# The trilogy - 2012-03-13



## Kenta (Apr 28, 2010)

Last update had my big PNT, miss that guy, but it got too aggressive with my fish. Enjoy!


----------



## hondas3000 (Apr 22, 2010)

lol, what happen to your feng shui setup? . I like your ST want to give it up? hope you don't have this setup in your bedroom again as it is so loud.


----------



## Flygirl (Jul 23, 2011)

Great looking fish, though they look bored. You should build them a playground, or a bit of an obstacle course


----------



## m_class2g (Apr 21, 2010)

kenta ill gladly take your st off your hands. you tank looks too overstocked. lol jk. love the trilogy. needs a few more fish imo!


----------



## hondas3000 (Apr 22, 2010)

m_class2g said:


> kenta ill gladly take your st off your hands. you tank looks too overstocked. lol jk. love the trilogy. needs a few more fish imo!

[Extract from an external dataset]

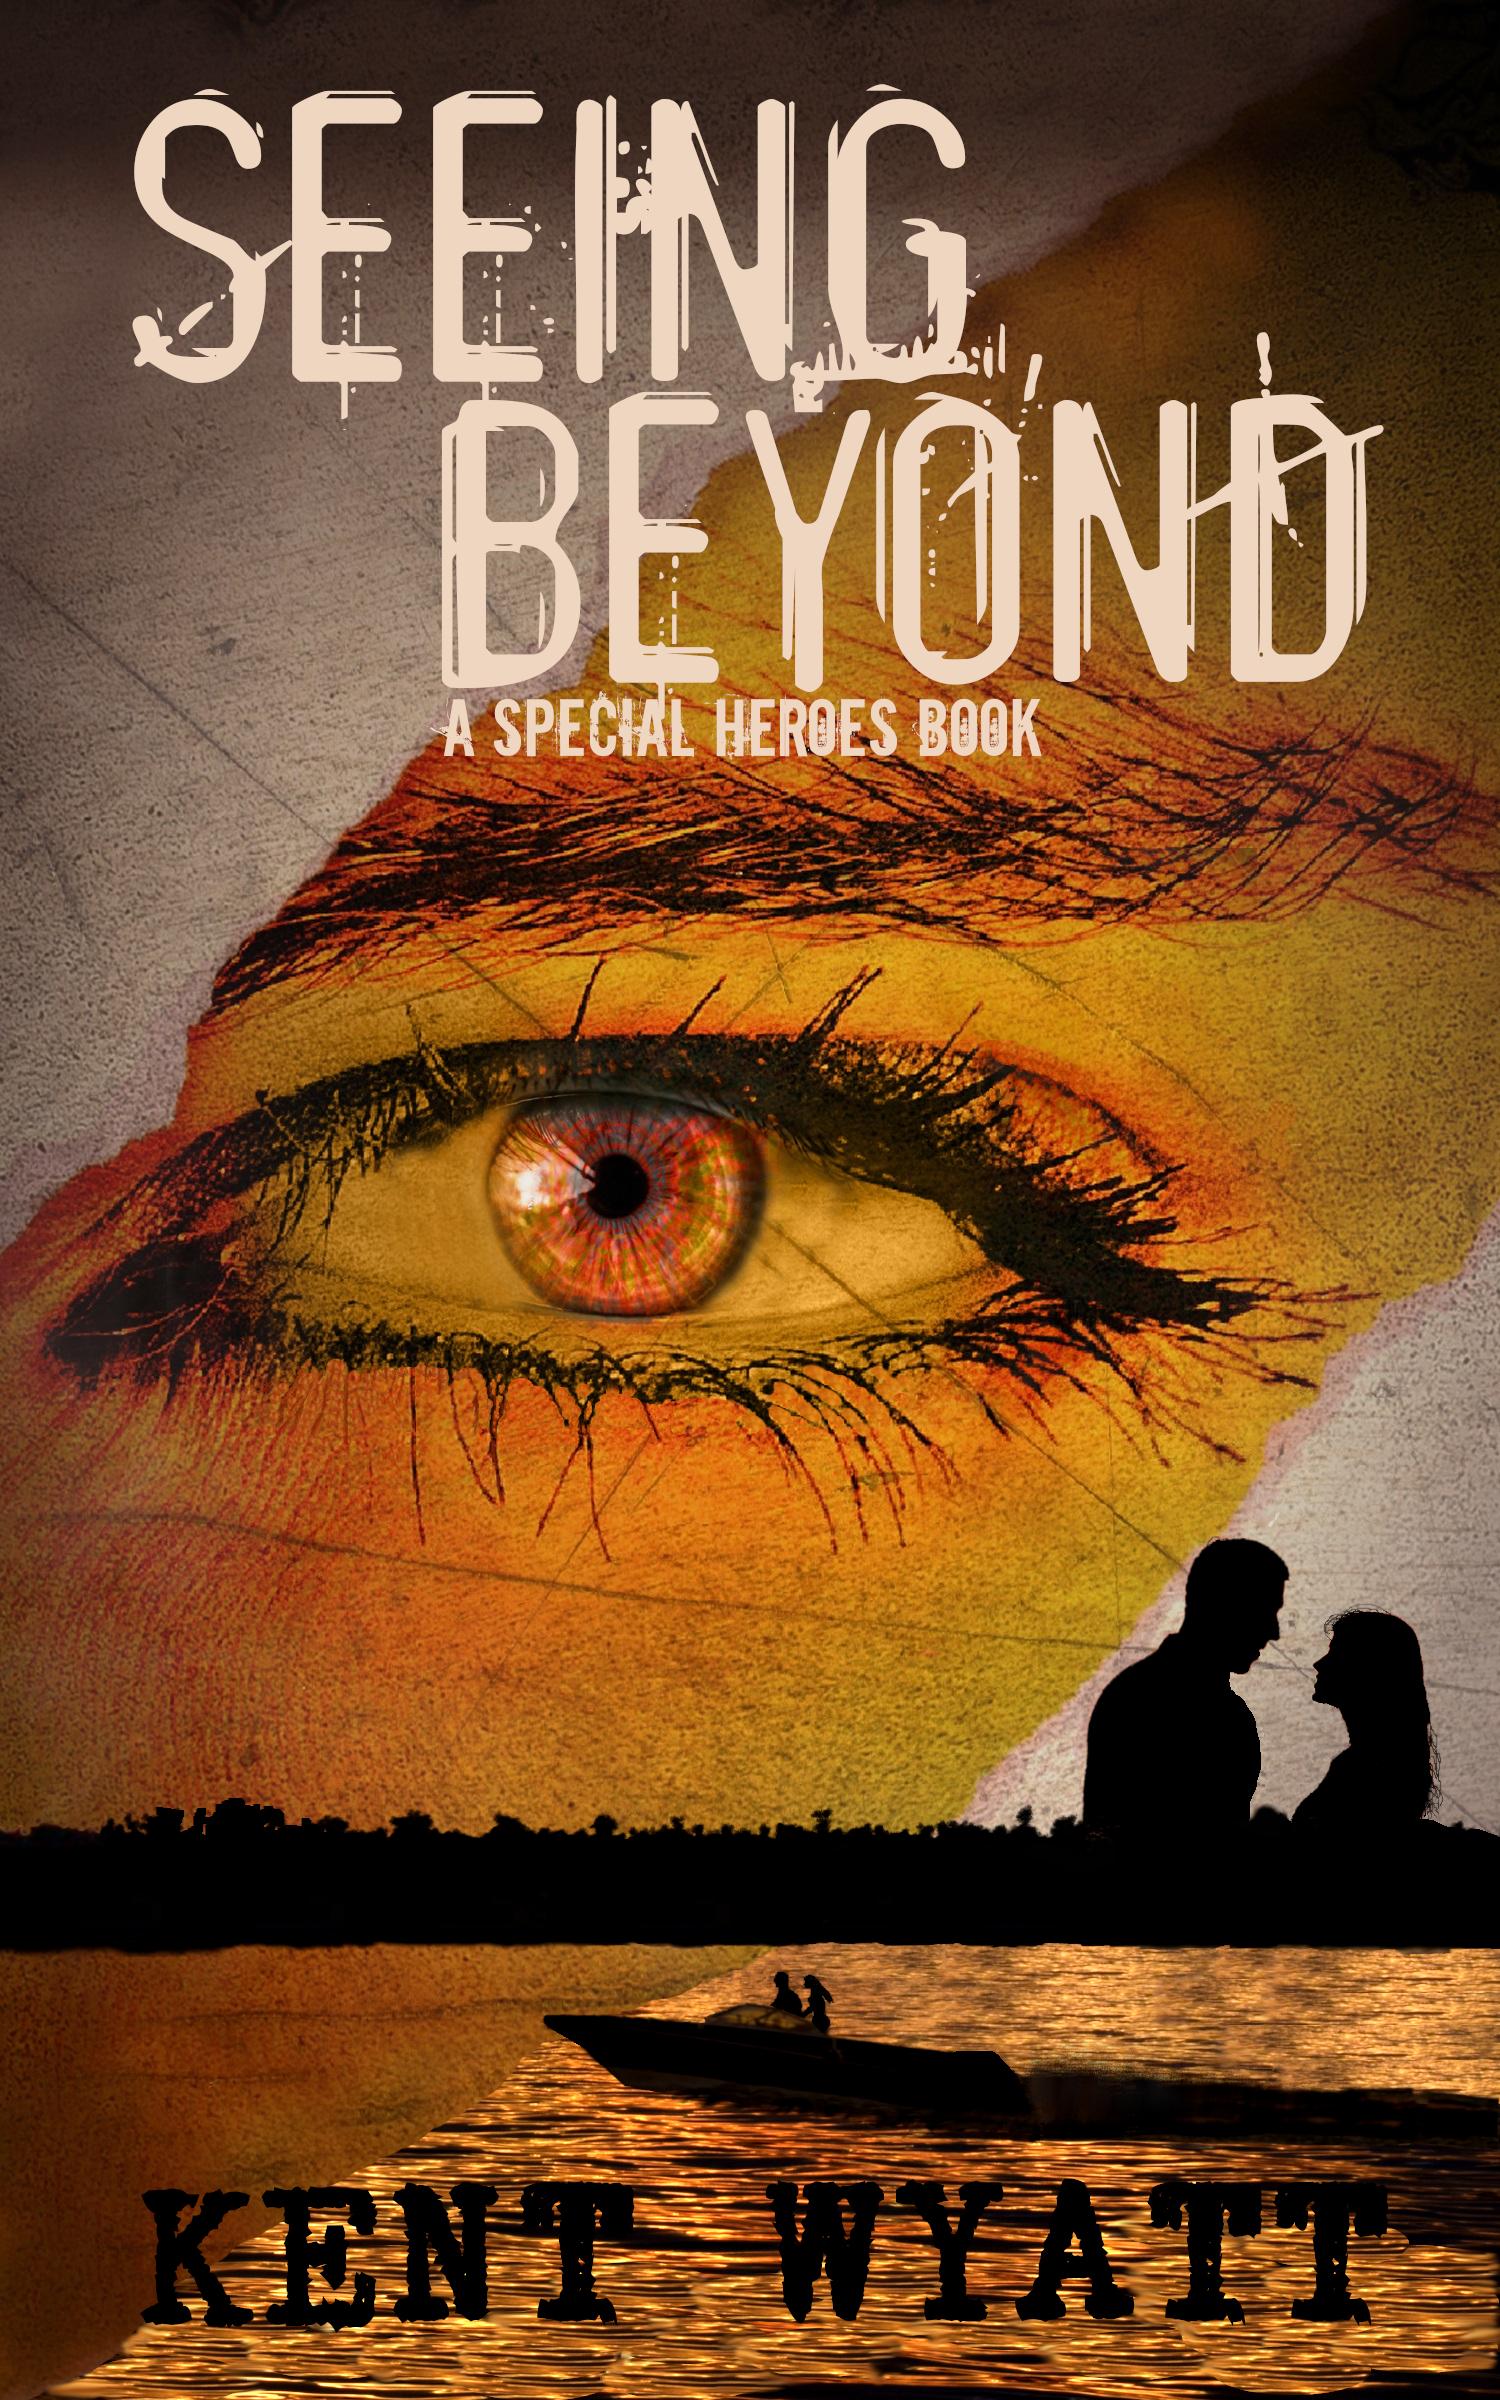 Seeing Beyond cover.jpg

Hahah I like a over stock idea. I think that st is nicer in my tank as mike tank is over stock too.


----------



## jay_leask (Apr 22, 2010)

wow those are massive! very cool.


----------



## m_class2g (Apr 21, 2010)

hondas3000 said:


> Hahah I like a over stock idea. I think that st is nicer in my tank as mike tank is over stock too.


hahaha mine actually is already pretty full... your new one will get that st to its max size for sure!


----------



## Kenta (Apr 28, 2010)

David, this tank isn't in my bedroom, instead I have sacrificed my dining room for it! Its not too loud though, more like background noise, it drowns out the traffic and skytrain noise from outside. 

Thanks Flygirl, they keep each other company like brothers and sisters... don't see it in the video but they frequently pester each other..

JAYLEASK, not big enough!

MIKE, I'd grab a ray off you but cant with my flagtail in there... plus it would make me go broke!


----------



## stratos (Apr 21, 2010)

That tank looks pretty stable Kenta, you could go a long time with it I think. There is a fellow trying to sell a large FRT in the Vancouver area, I wonder if it is your old one? I think it was posted for sale on BCAquaria a while ago.


----------



## Kenta (Apr 28, 2010)

stratos said:


> That tank looks pretty stable Kenta, you could go a long time with it I think. There is a fellow trying to sell a large FRT in the Vancouver area, I wonder if it is your old one? I think it was posted for sale on BCAquaria a while ago.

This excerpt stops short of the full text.